CHWs integrated into headache medicine, neurology, or primary care clinics could provide principal illness navigation services such as helping coordinate access to medications and addressing nonmedical drivers of health (eg, transportation challenges, economic insecurity). These services should be billed outside the physician appointment by the CHW. These services generate additional nonphysician revenue into the practice while helping close care gaps and optimizing patient care outcomes. Three primary optimized migraine care needs—screening and diagnosis, access to qualified providers, and appropriate therapy—are all services that may be facilitated by CHWs. 
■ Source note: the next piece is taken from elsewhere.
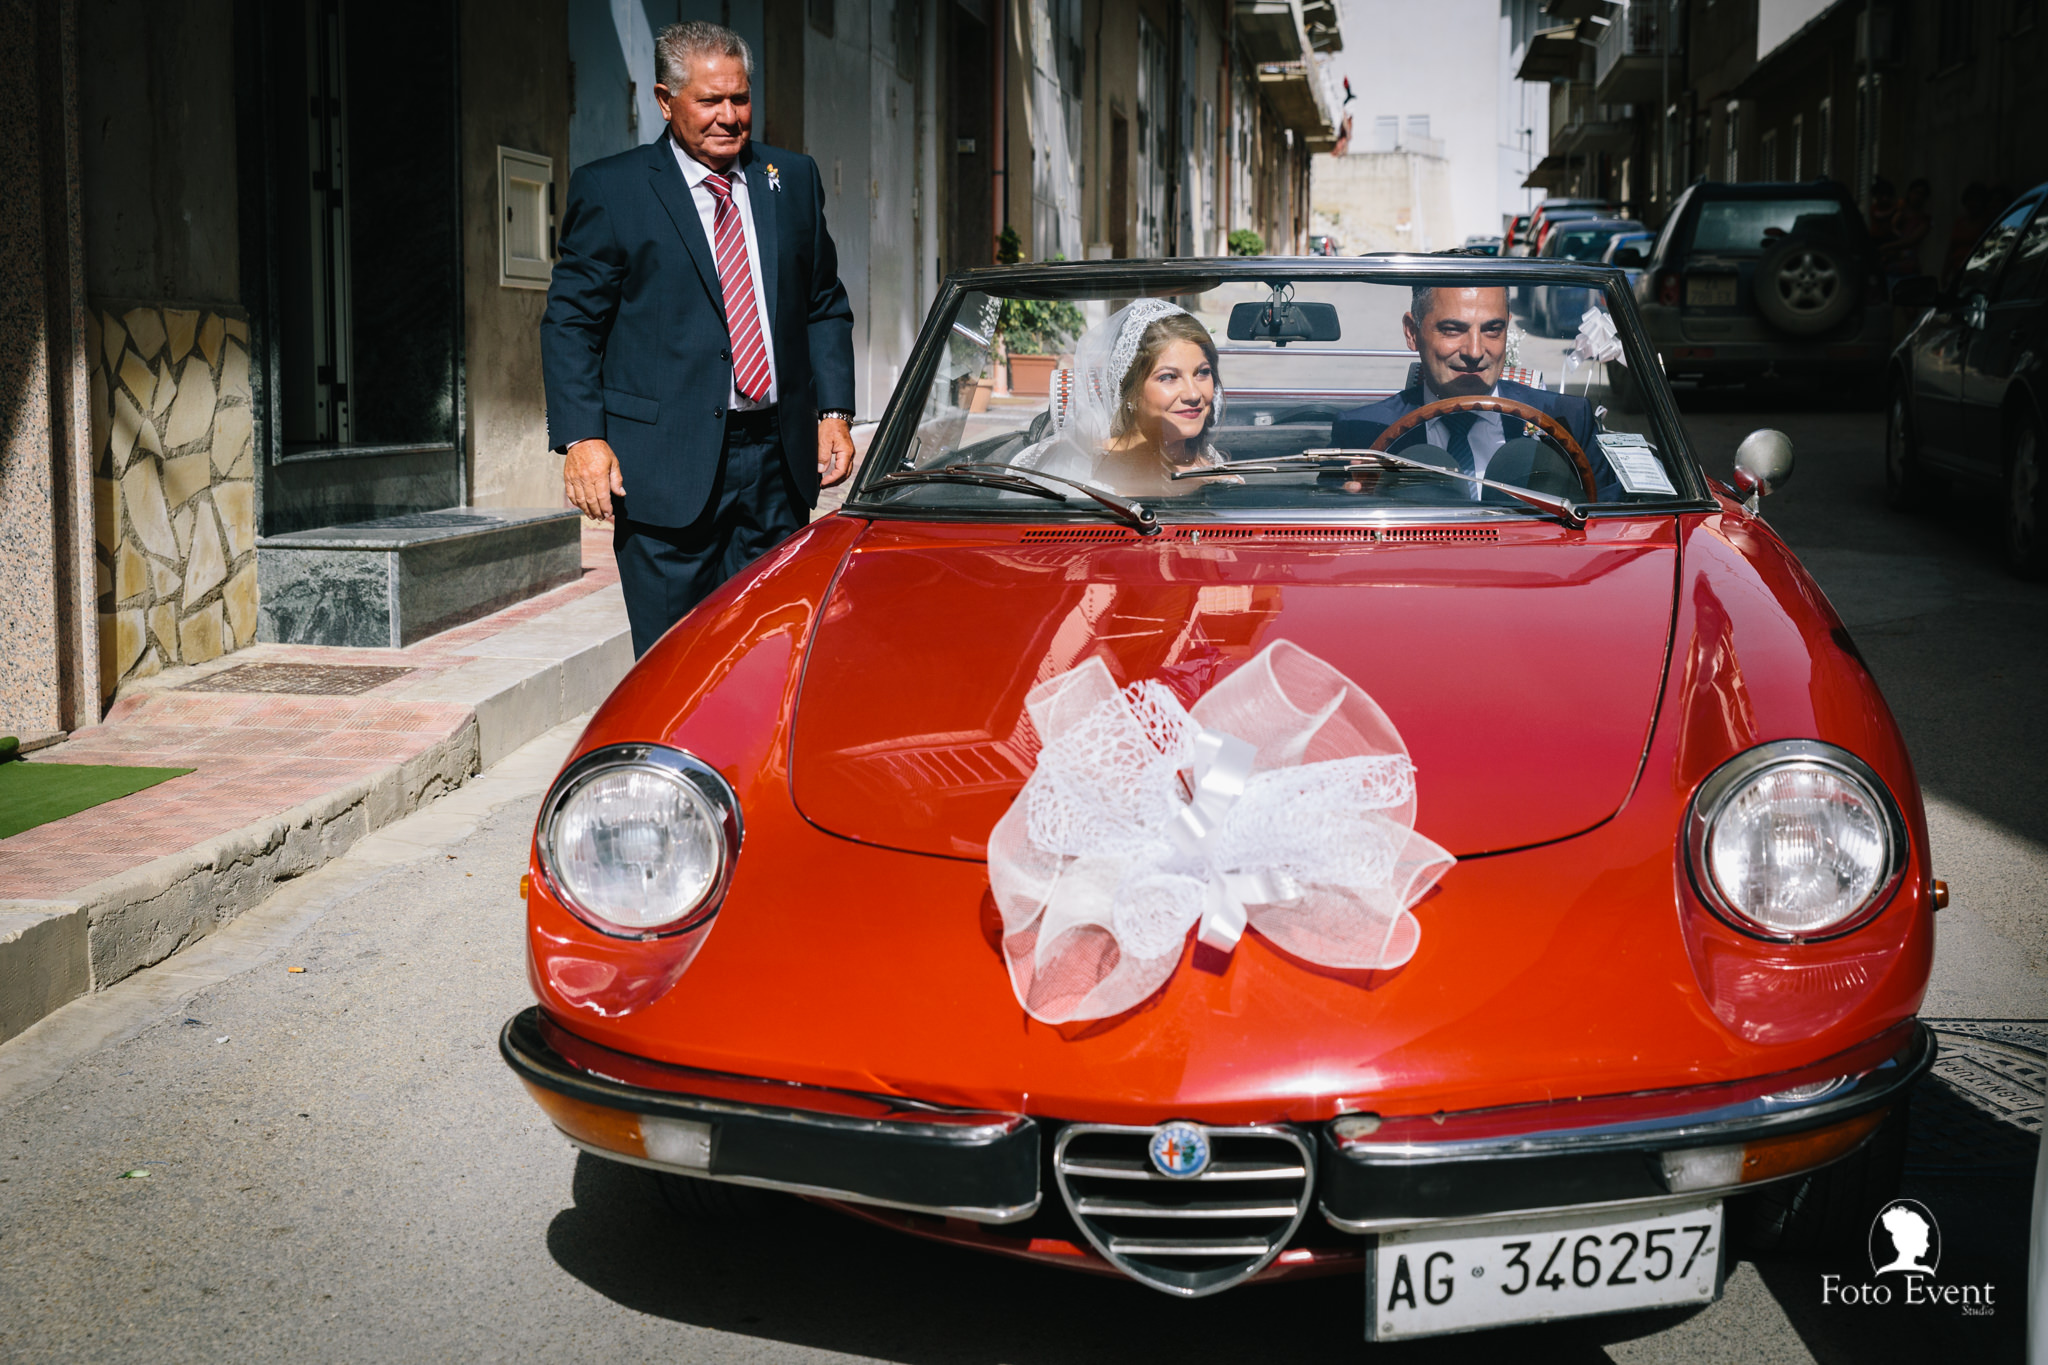 017-2019-06-12-Matrimonio-Rosa-e-Angelo-Ripellino-5DE-811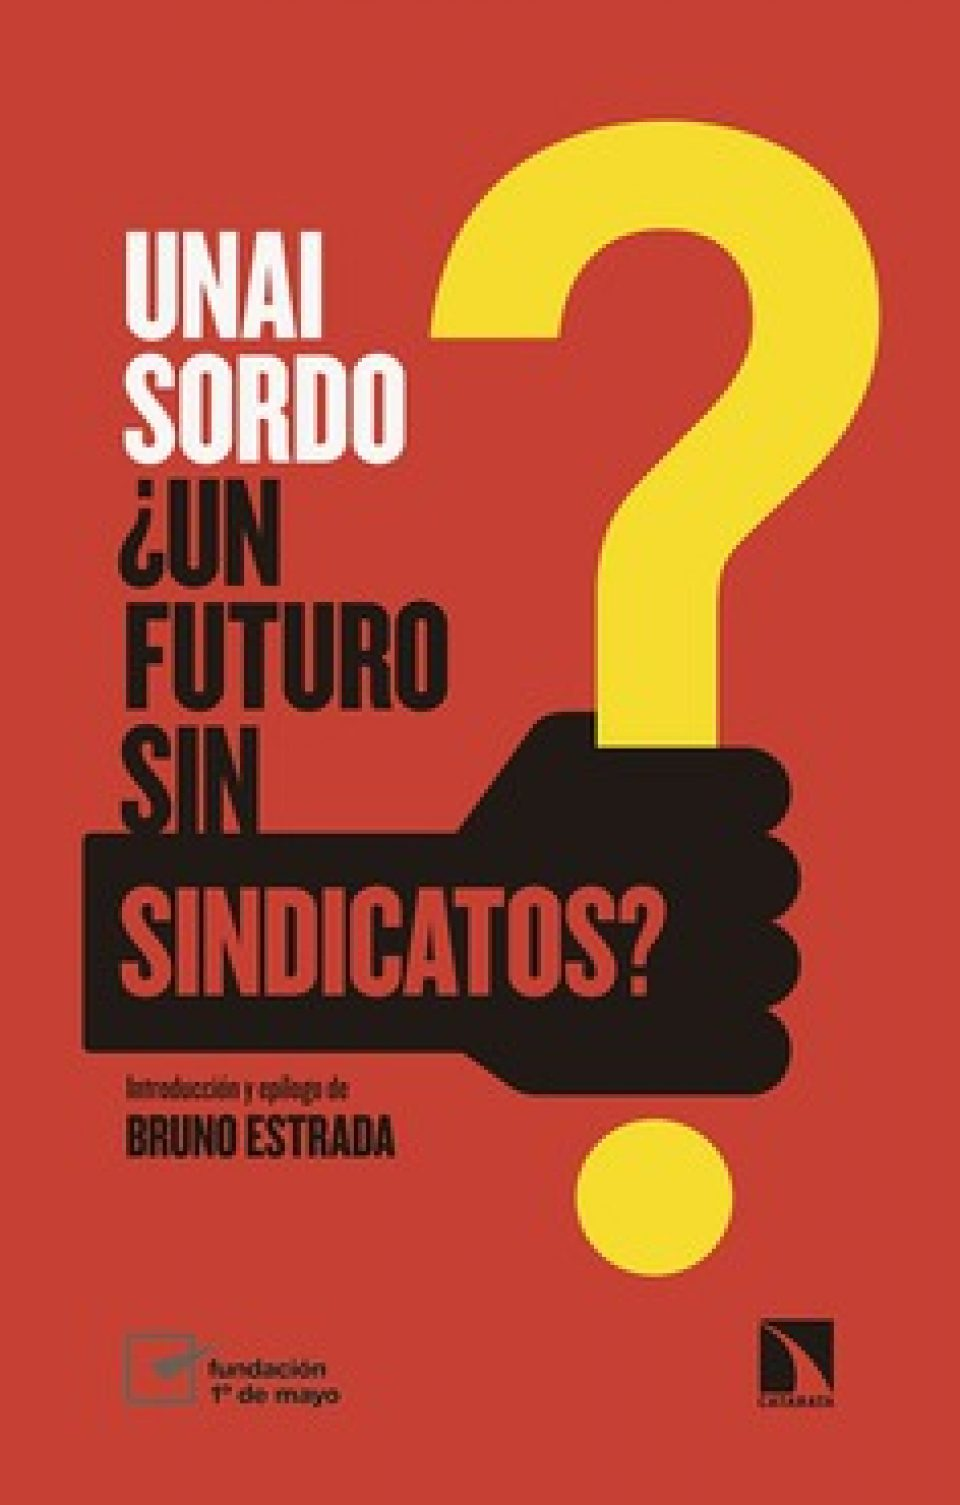 https://unaisordo.com/wp-content/uploads/2019/07/futuro-sin-960x1505_c.jpg

The greatest opportunity for health care benefit occurs when CHWs coordinate with other CHWs. For example, the coordination of step therapy, prior authorization paperwork, and other administrative challenges may be best suited as an interaction between a CHW in a provider’s office and a CHW in a pharmacy. Pharmacy-based CHWs can administer the ID Migraine tool and can provide prompt referral and scheduling for people with a high risk of migraine. Pharmacy-based models use principal illness navigation as the framework for sustainable models that may be replicated and delivered in partnership with other providers. 

Summary
CHWs provide services in the communities where people live. CHWs know how to navigate the social challenges in local communities as well as the medical system. Integration of CHWs in pharmacies has created new models to optimize patient care through gap closure programs, new sustainable revenue opportunities, and community outreach. To improve the burden of disease in migraine, we need to expand the workforce. Trained CHWs can help close the gap for communities with unmet migraine care needs.